Your Kingdom Come in Our Creativity
We were talking through the Lord's Prayer this past Sunday night, and I shared some thoughts about how homogenization and commodification steal away creativity which is, I think, a central feature of our identity and life as beings created in the image of God. Okay, now that's going to need some 'splaining.
God creates. God creates human beings. God creates human beings in his image. Now, people have argued about what that phrase, 'in his image' means for years, but part of what that communicates is that in some ways God has made us like him. We bear the marks of personality, capacity for personal relationship marked by love, and creativity. Creativity is the ability to bring into being something which is an expression of yourself. Whether it is an expression of your interpretation of life through art, or an expression of your applied learning through invention or engineering, creativity is about unique expression of the self.
Creativity involves breathing life into something. God spoke the universe into life and life into the universe. God spoke and created plants and animals and fungi and all kinds of living things. God breathed life into human beings. The universe itself is one unique expression of God's being.
Again, creativity is about unique expression and it brings life.

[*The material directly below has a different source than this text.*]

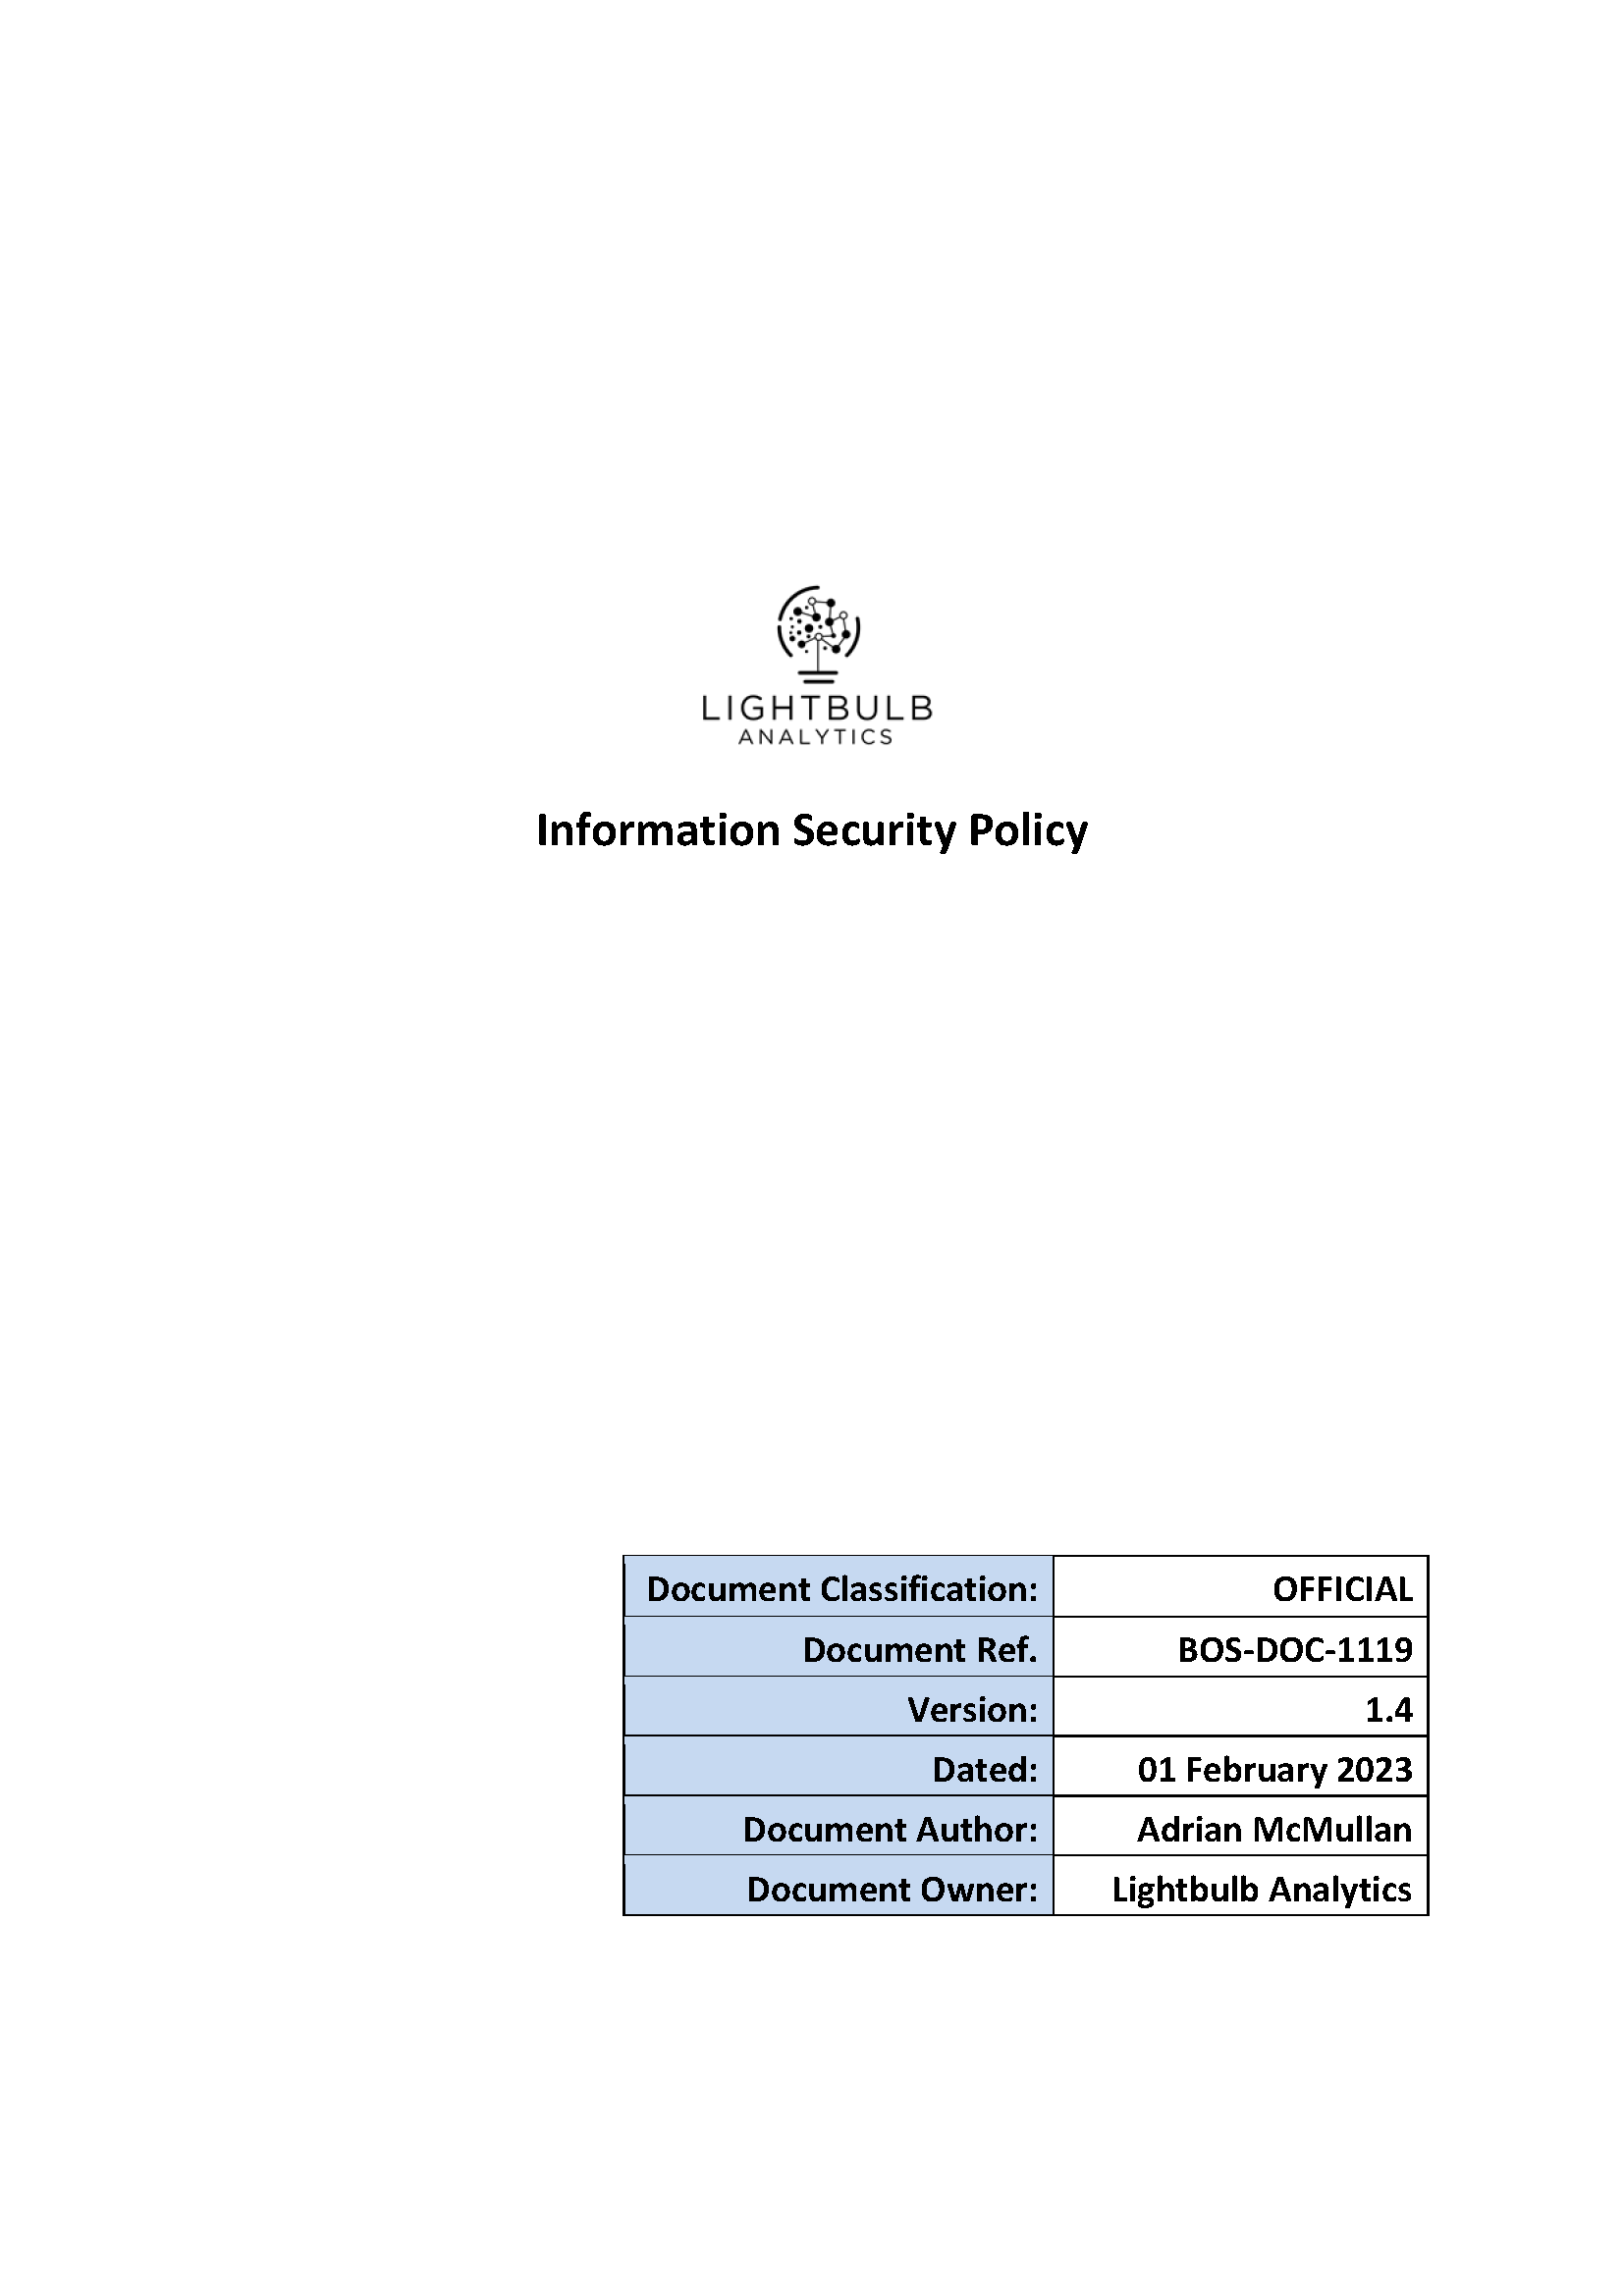 ISMS-DOC-05-4 Information Security Policy v1.4

Now, let's look at what is happening in USAmerican culture. We have a giant movement of homogenization--making everything the same. Even the variations have this kind of homogenaic imperialism about them. "Do you want to be a rebel? We have you're wardrobe ready at Hot Topics!" "Do you want to be a sexy teenager? We have your prepackaged life...I mean, look...at A&F." "Do you want the good life at a great price? We've got your Kenmore appliances at Sears."
I think there are many people who sense what all that Mall of America culture is doing--it is stealing life. It is robbing people of any need for creative self-expression. Everything is already color coordinated and pre-packaged. Not only do you not have to make your own clothes (something that even my mom did when she was a teenager), you don't even need to go to the people who make the clothes (in fact, you couldn't if you wanted to!). You have mega-companies doing all the deciding for you. They even tell you what to wear (think of GAP commercials).
No more thinking. No more creating. No more self-expression. Only consuming and advertising for more consumption. Humanity is suffocating itself here in USAmerica.
Now think about art. When art is commodified, mass produced, and mass-distributed, it loses value. There is something about millions of people buying Thomas Kinkade prints that robs them of value. What was art is now wallpaper. Creativity is suffocated by cheap, readily available, mass-produced images. Not only do I not know what that painting or photograph at Target is about, I really don't care as long as it matches my sofa.
This attitude is nowhere more diabolically present than in what we USAmericans call a "worship service." To pick on music alone would be unfair, but let's look at it a minute. How many truly creative, unique, self-expressions of worship in song are shared in believing communities on any given Sunday (or any other day for that matter)? I would guess that the percentage is shockingly low. How many communities have songs that tell of their unique interaction with God and his faithfulness to them? I guess that it is very few. In fact, the good, creative stuff usually ends up in the playlist of thousands of other communities who have abdicated their creative self-expression for the convenient creativity of others. Vamping off of someone else's experience with God is what many communities end up doing. What was art is now wallpaper. (Maybe we'll have a book called "Wallpaper Worship.")
Now, I don't doubt that people can be encouraged and helped by the stories and songs of other communities, but when we completely abdicate our own songs and stories, something is robbing life from us: death is creeping in.
So then, take the next step and think of creative self-expression of worship in things other than songs. The reality that for many people worship is (only) singing betrays the fact that we have lost creativity. Some people told us that worship is singing. Others went further and told us that it was singing in a certain style, etc.
I hope you can see what I'm getting at here. Breathing life into a community happens not when we take on someone else's format, music, teaching style, etc., but when we honor the latent creativity (in whatever forms it takes) in the people who are already there. I think when that happens, God's revolution has come to that people: God's Life floods into that community in refreshing and unexpected ways.
Emerging communities need to be careful that they are not vamping the experience of other communities. Yes, we can learn from others. Yes, we can share and benefit from the creativity of others. But let's not do it without expressing the unique creativity
that flows from our own experience with the Creator and his creation. Let's respect our own unique vocation as creative kingdom agents and help each other to discover and embody our particular expression of our calling.